Are Investors Driven to Trade?

On 07/26/2012, in Investment Strategies, by Jordan Wilson

I like a general buy and hold philosophy for investing. Find solid, well-diversfied, low-cost investments (i.e., passively managed index funds), acquire by dollar cost averaging, and only adjust holdings to reflect your target asset allocation over time.

But can investors follow this model?

Or are we hard-wired to be traders? 

Are Investors Driven to Trade?

In Why Your Brain is Killing Your Portfolio, the Wall Street Journal considers this question. The article makes some interesting points.

In a study published last month in the Journal of Neuroscience, researchers from California Institute of Technology, New York University and the University of Iowa looked at how people use past rewards to predict future payoffs.

The neuroscientists found that the two control groups tended to make their next bet based largely on how much a slot machine had paid off on the two most recent bets.

Almost as soon as the pattern of payoffs appeared to change, the participants in the control groups dumped one slot machine and jumped to the next. Although they did take longer-term results partly into account, “the healthy subjects appeared to be extrapolating their most recent experience into the future and choosing predominantly on that basis,” says Nathaniel Daw, a neuroscience professor at NYU who helped conduct the study.

In short, people make future decisions largely based on recent actual results.

Smart, not so smart? No idea. But how does this relate to investing?

How This Relates to Investing

Well, if you have ever read a mutual fund prospectus (or managed to read the fine print on a mutual fund television commercial), you will always encounter the phrase, “past performance is no guarantee of future results.” Or something similar.

And that is quite true.

Among the mutual funds that were in the top half of performers in late 2009, according to Standard & Poor’s, only 49% of them still remained in the upper half a year later; a year after that, only 24% were left. That is just about what you would get if you flipped a coin. Trying to find the winners is futile if victory is determined largely by luck.

That means it is difficult for an actively managed mutual fund to consistently outperform its peers. If you are investing based on the latest hot fund manager (and paying higher management fees for that privilege), you may be shifting your money around every year or two (and often incurring transaction costs and triggering tax payable when you do).

That leads back to my buy and hold approach above. But perhaps our brains make it tough to follow this philosophy.

When confronted with the unpredictable, however, the frontopolar cortex refuses to admit defeat. It draws on all your computational abilities to search for patterns in random data.

In the absence of real patterns, it will detect illusory ones. And it will prompt you to act on them.

No wonder so many investors find it hard to muster the willpower to buy and hold a handful of investments for years at a time.
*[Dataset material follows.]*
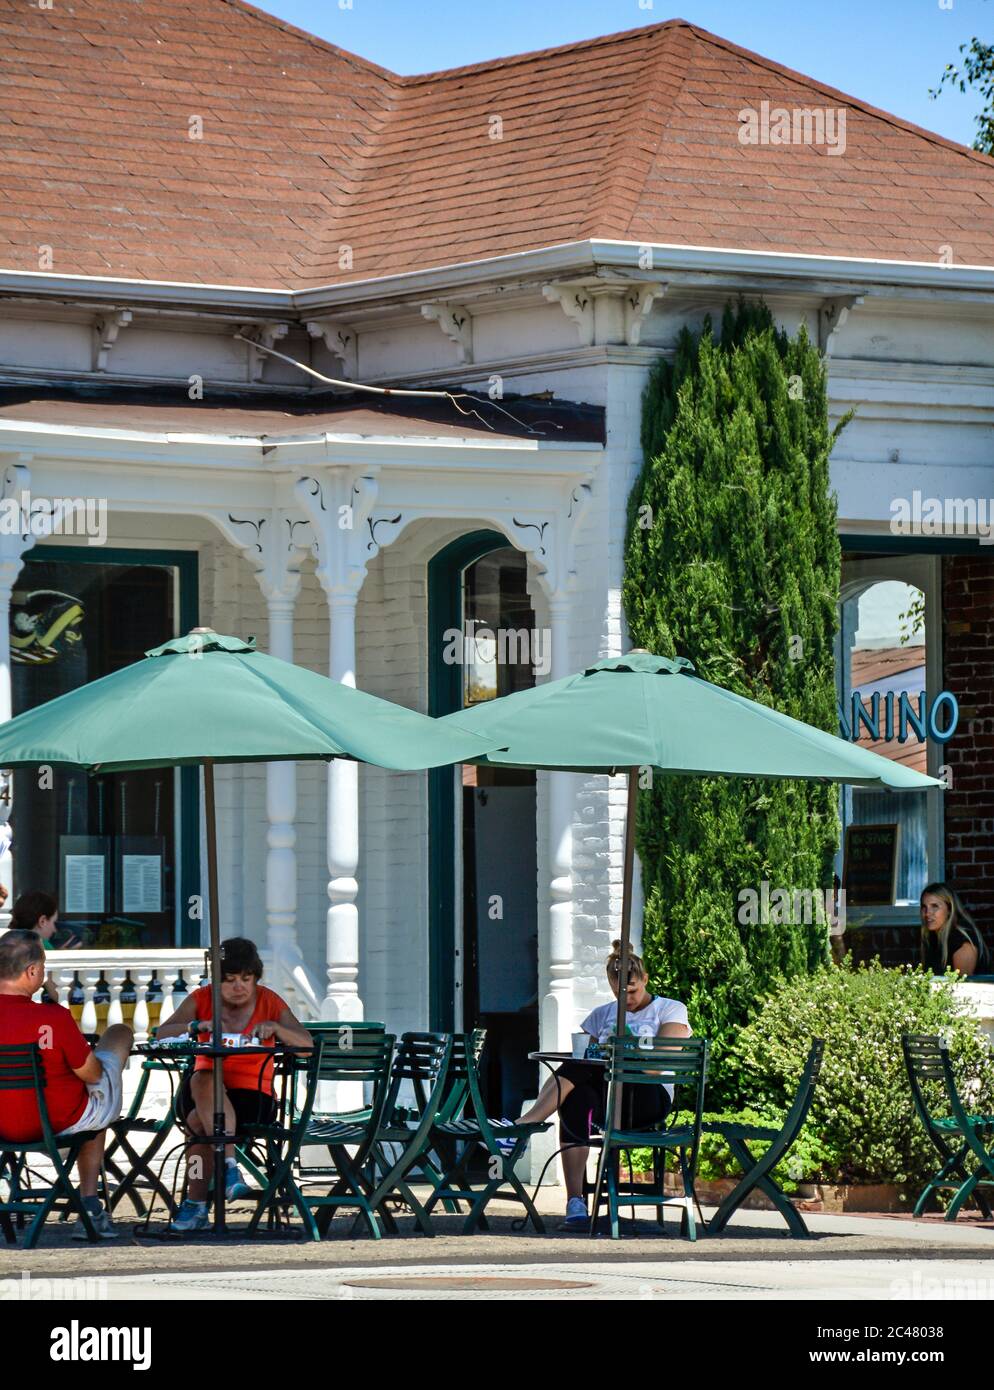 People enjoy sitting outside on the patio at the Panino restaurant in an old Victorian house, downtown Santa Barbra, CA, USA Stock Photo

As For Buy and Hold Being Dead

I have covered this extensively. The buy and hold strategy is not dead.

I am not a fan of buying and holding individual stocks forever. Too much can change over time with a single, non-diversified asset.

Nor am I a fan of simply buying a fund and forgetting about it. You still need to monitor the portfolio. Then, as needed, rebalance your portfolio and bring your actual asset allocation back in line with your target.

But as for the general concept of buy and hold being dead, I think not. Stick to low-cost, well-diversified investments and you can hold the core portfolio for a long time. It will only need to be fine tuned as your personal circumstances evolve over time and/or market fluctuations in specific asset classes dictate the need to realign.

Final Thoughts

The article makes another couple of good points.

Most of the folks who say buy and hold is dead don’t talk much about their long-term returns. Instead, they stress how they have done recently, a tactic that for many potential clients has the same irresistible appeal as the last couple of pulls on a slot machine.

So, so true. And people usually talk more about their winners than losers. In my circle, it seems everyone I know made a killing on Apple and no one I know was ever invested in Research in Motion.

So take what all your friends tell you with a grain of salt.

Every investing decision you make should be the result of a deliberate process.

Start by creating a checklist of criteria that every stock or fund must meet before you buy or sell. Make sure you never buy or sell an investment exclusively because its price has gone up or down. In advance, list three reasons having nothing to do with price that would justify buying or selling.

After you sell, track the returns of those investments you sold, after you sold them, to see if they did better than whatever you bought in their place.

Do not get caught up in what the talking heads say on the business channels. Focus on your unique investment objectives and constraints. I think that your asset allocation is more important than your actual investment choices, so get that right first. Then worry about your portfolio holdings.

Do not chase the hot stock or fund manager.

Make investment decisions that are right for you, with the focus on the long-term.